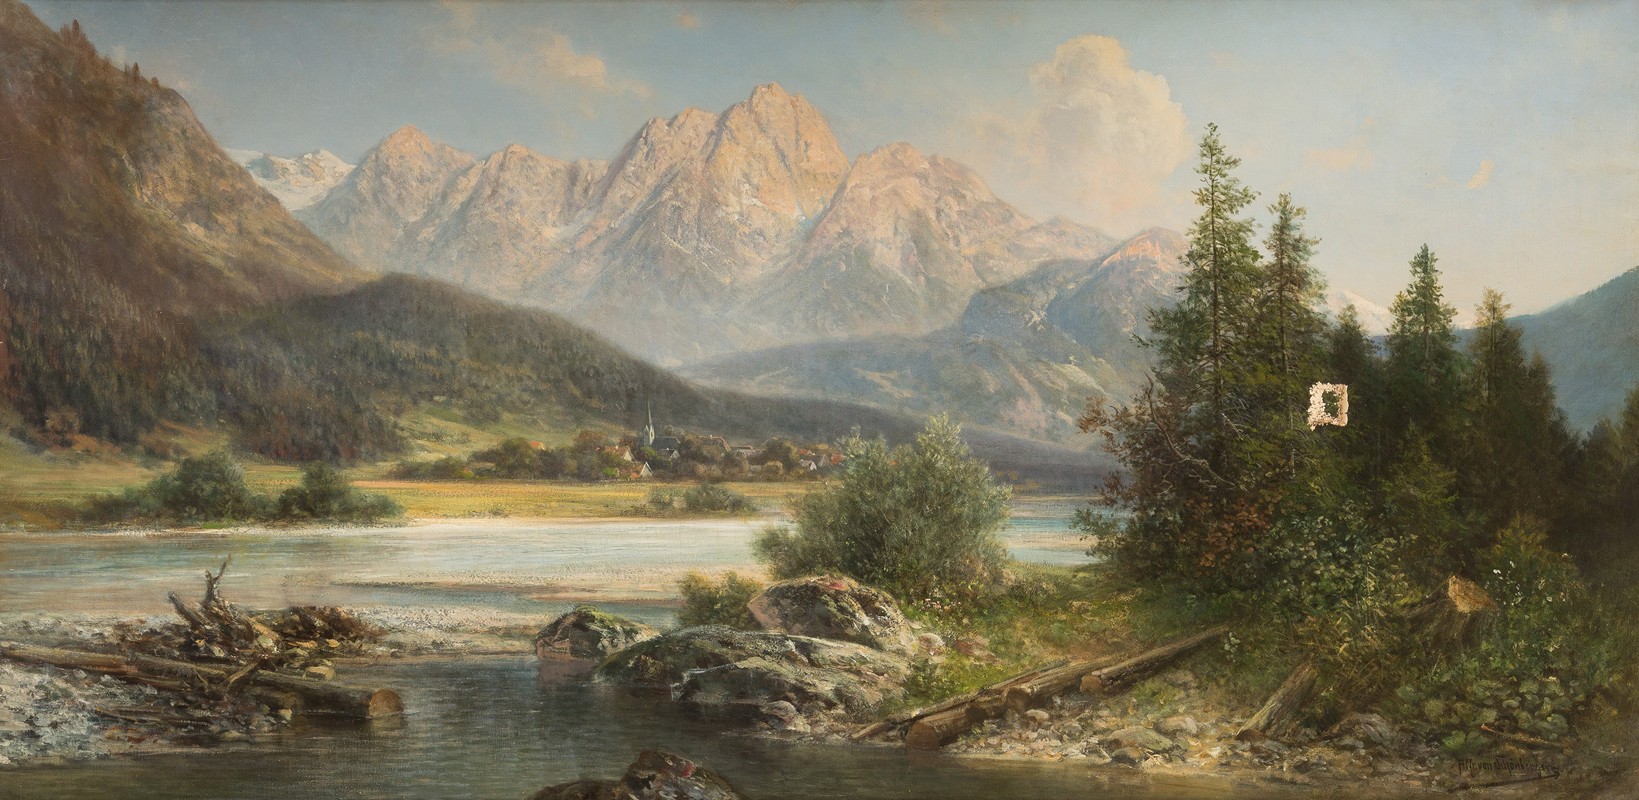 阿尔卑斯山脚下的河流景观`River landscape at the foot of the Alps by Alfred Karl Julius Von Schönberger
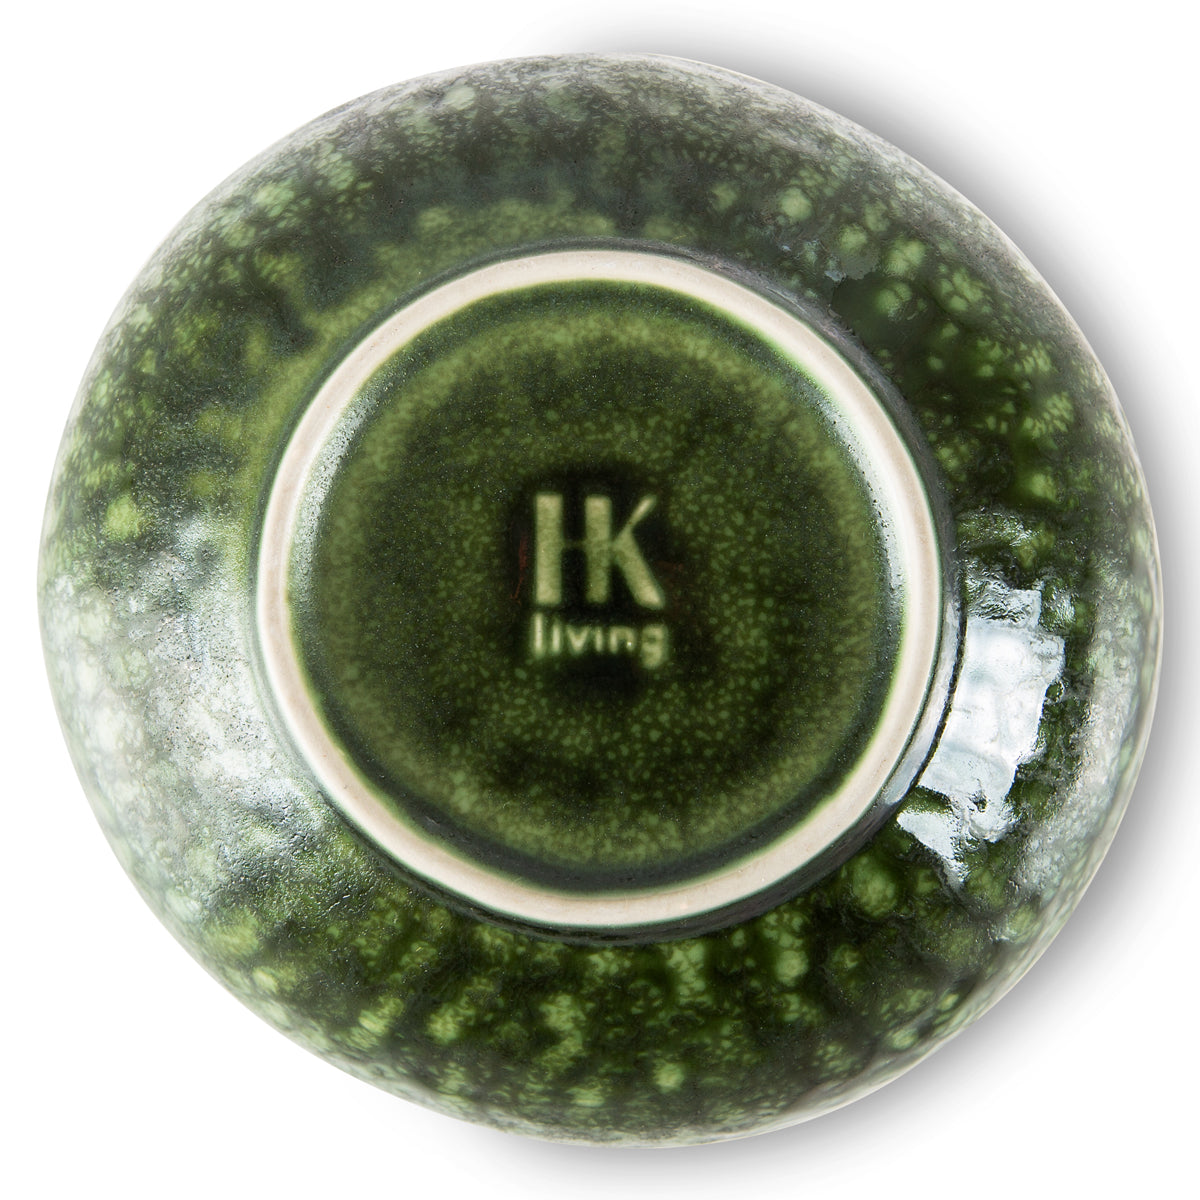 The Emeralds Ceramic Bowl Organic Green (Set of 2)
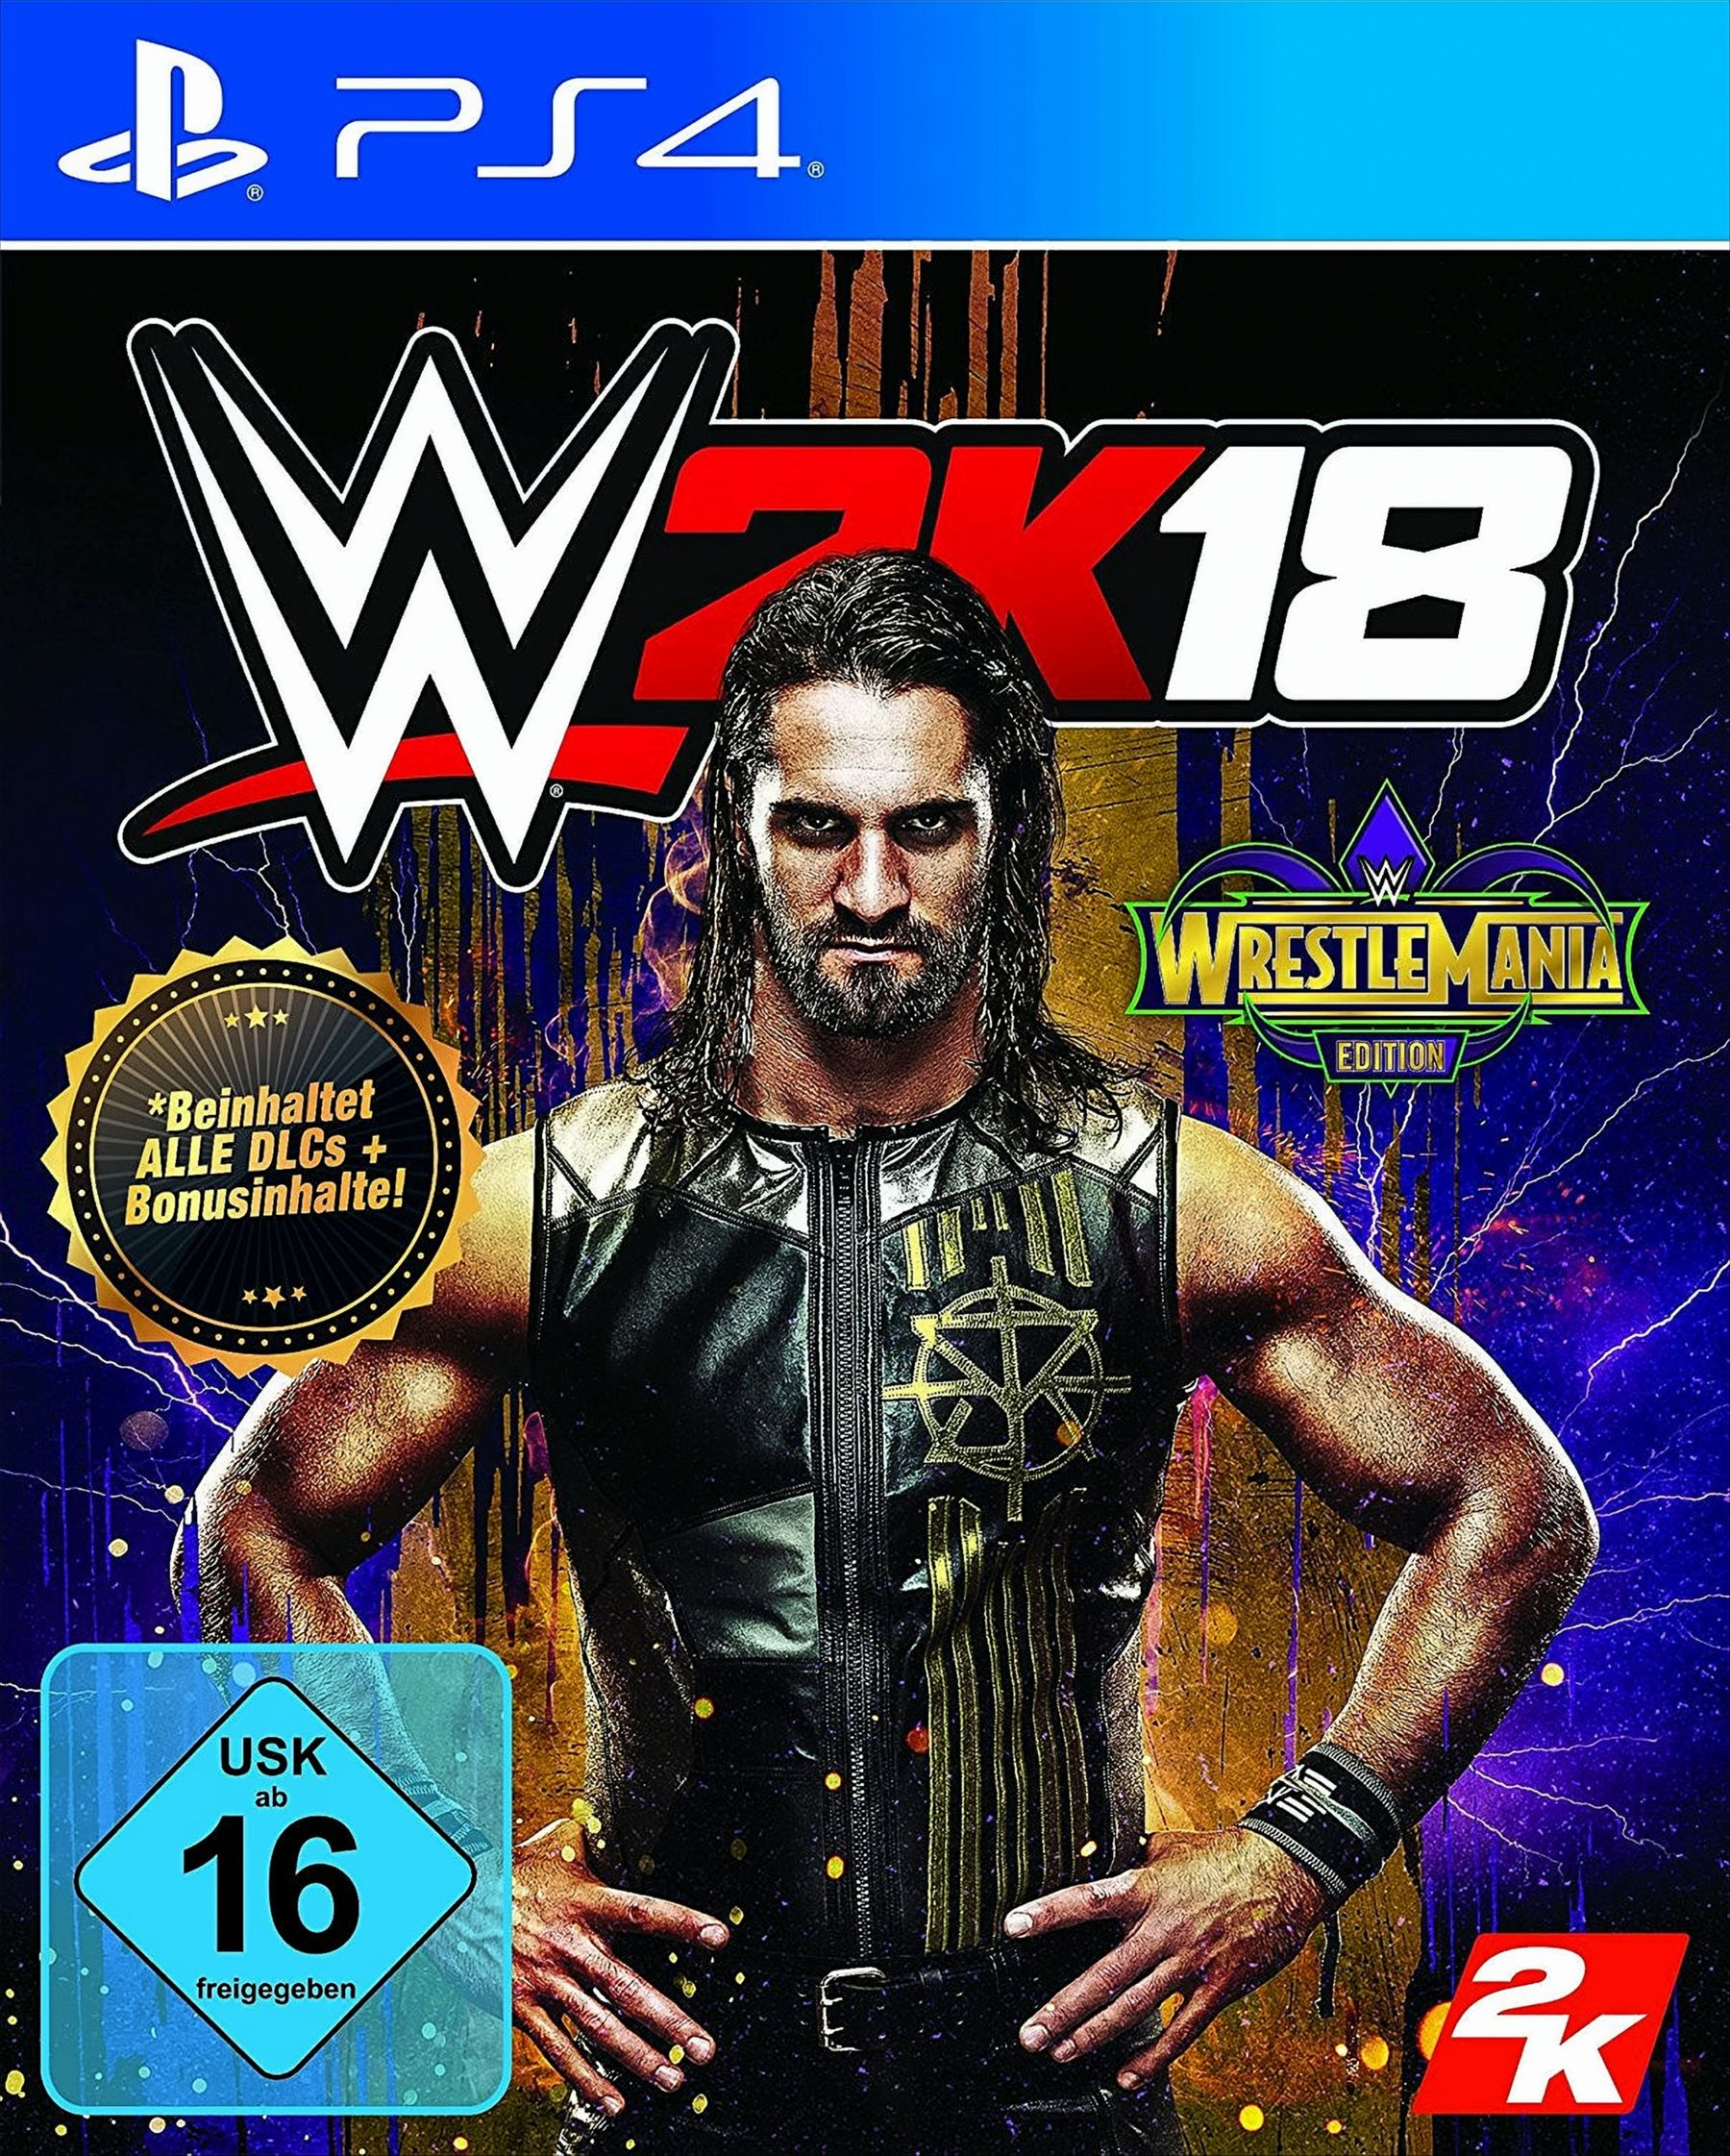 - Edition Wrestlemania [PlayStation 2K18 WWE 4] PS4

◆ Work required
Please retype the material above exactly, and omit its images.

◆ Response
 阿尔卑斯山脚下的河流景观`River landscape at the foot of the Alps by Alfred Karl Julius Von Schönberger
 The Emeralds Ceramic Bowl Organic Green (Set of 2)
 - Edition Wrestlemania [PlayStation 2K18 WWE 4] PS4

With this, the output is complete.